Vor wenigen Tagen hat Bundeswirtschaftsministerin Katherina Reiche (CDU) die Frühwarnstufe des Notfallplans Gas ausgerufen. Damit hat sie die bislang geltende zweite Stufe, die sogenannte Alarmstufe, herabgesetzt, die seit 23. Juni 2022 galt.
Damit ordnet die Bundesregierung die Lage am Gasmarkt neu ein und sendet ein Signal, dass sie nicht mit kurzfristigen Beeinträchtigungen der Gasversorgung rechnet.
Noch nicht wintertauglich
Inzwischen reagiert der Gasmarkt bearisch, die Gaspreise haben sich nach einer Hochphase Mitte Juni wieder stabilisiert. Auch die Speicherbefüllung läuft wieder auf Hochtouren. In Deutschland stiegen die Netto-Einspeicherungen mit rund 25,5 Terawattstunden (TWh) auf den höchsten Stand seit 34 Monaten, so eine Analyse von Ganexo. Im Vormonat lag der Wert bei 18 TWh, im Vorjahresmonat bei 21 TWh.

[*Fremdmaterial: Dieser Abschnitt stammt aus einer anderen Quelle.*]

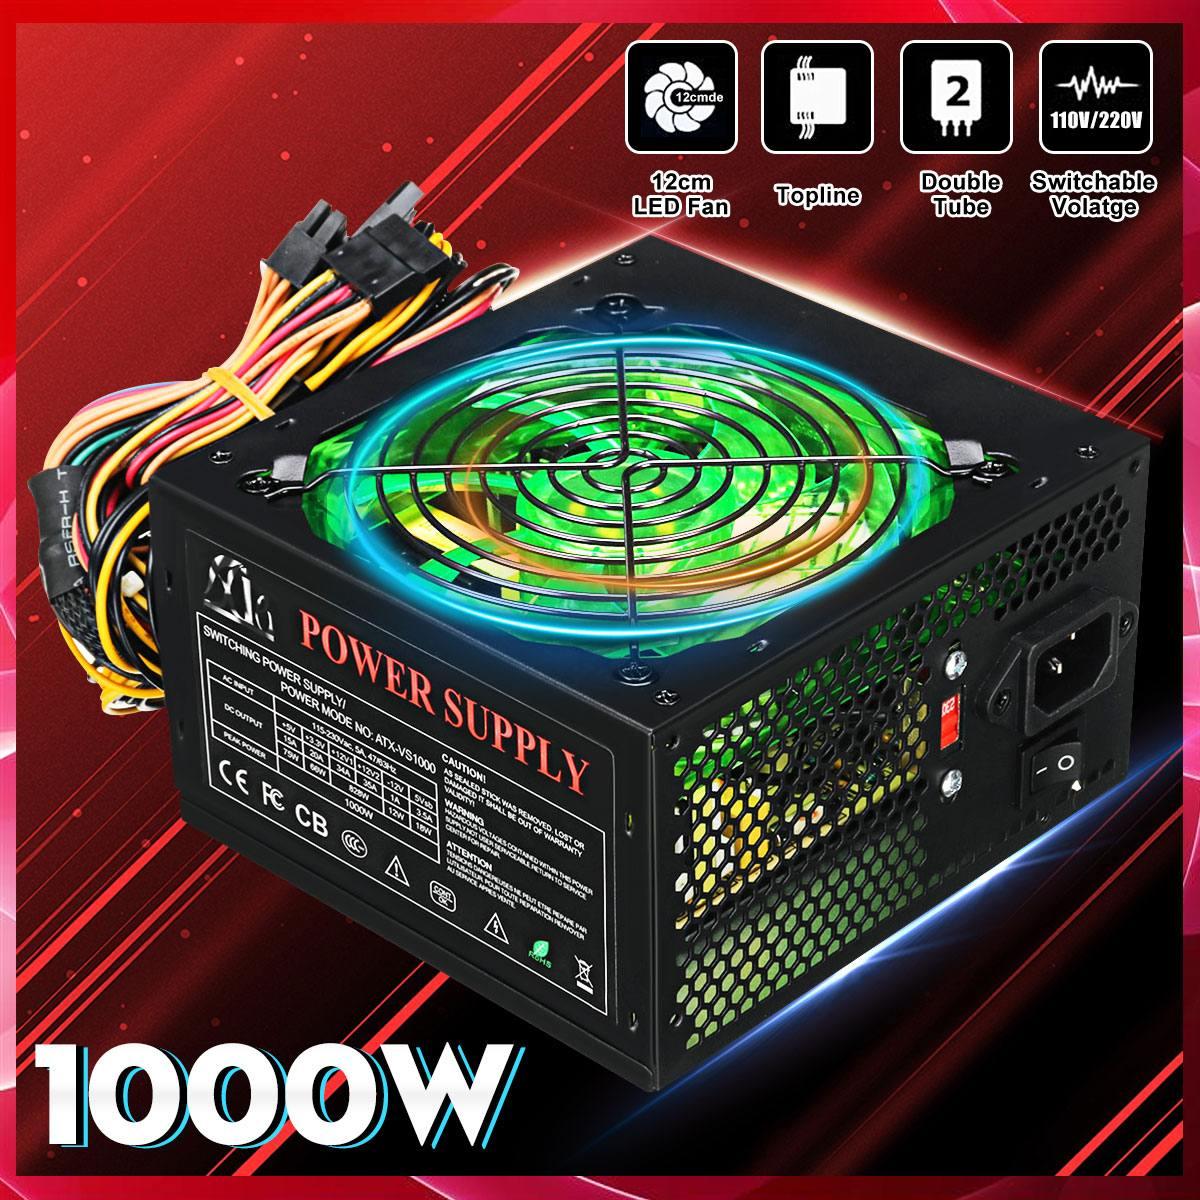 1000W 110 ~ 220V alimentation PSU PFC 12cm LED ventilateur silencieux ATX 24pin 12V PC ordinateur SATA alimentation de jeu pour Intel AMD bureau

Jedoch sind die Gasspeicher Deutschlands nur zu 51 Prozent gefüllt und damit rund 30 Prozentpunkte weniger als vor einem Jahr (knapp 82 Prozent). Sollte sich der Gasspeicherfüllstand bis November nicht bei etwa 80 Prozent einfinden, könnten frühe Kältewellen die Sorgen auf dem Gasmarkt insgesamt schon vergrößern. Das würde wiederum zu einem erneuten Anstieg der Gaspreise führen.
Keine Ausreichenden Anreize für Einspeicherung
Trotz des hohen Einspeicherungstempos sieht der Oldenburger Energieversorger und Gasspeicherbetreiber EWE die Gefahr, dass der Markt aktuell keine ausreichenden Anreize zur Einspeicherung liefert. "Gleichzeitig ist eine staatliche Befüllung durch Trading Hub Europe bislang nicht vorgesehen", sagte CEO Stefan Dohler. Gebe es weiterhin keine wirtschaftlich tragfähigen Einspeicheranreize und ziehe sich der Staat dabei aus der Verantwortung zurück, "ist das Risiko real, dass Speicher vor dem kommenden Winter nicht hinreichend gefüllt sind. Das darf nicht passieren".
"Das eine tun, ohne das andere zu lassen"
Geschäftsführer von Eins Energie, Martin Ridder, teilt die Einschätzung von Dohler zu den fehlenden wirtschaftlichen Anreizen zur Befüllung und der zugleich anscheinend abwartenden staatlichen Haltung. "Resilienz und damit Versorgungssicherheit haben ihren Preis und zu lange warten kann auch noch teurer werden. Als Staat, Gesellschaft und Branche sollten wir nicht vergessen, wie sich eine drohende Gasmangellage anfühlt", sagte er auf Anfrage der ZfK. Seine Empfehlung: Das eine tun, ohne das andere zu lassen. Also nicht permanent in der Alarmstufe bleiben, aber zugleich Gasspeicher rechtzeitig befüllen und grundsätzlich eine resiliente Versorgungslage für Deutschland und Europa herstellen.
Angesichts der voranschreitenden Diversifizierung der Bezugsquellen und einer raschen Schaffung von neuen Gasimport-Infrastrukturen kommt für den Energiekonzern Uniper die Herabsetzung der Gas-Krisenstufe nicht überraschend. "Nach der Versorgungskrise 2022 konnte die Gasversorgung und eine gezielte Befüllung der Speicher dadurch zügig sichergestellt werden", so eine Unternehmenssprecherin auf ZfK-Anfrage.
Die Situation habe sich inzwischen deutlich entspannt. Um die Versorgungssicherheit langfristig aufrechtzuerhalten, sei es jedoch notwendig, strukturelle Schwächen im bestehenden Rechts- und Regulierungsregime für Gasspeicher, die bei einem besonders kalten Winter oder geopolitischen Störungen schnell zu kritischen Versorgungssituationen führen könnten, zu beheben, hieß es aus Düsseldorf weiter.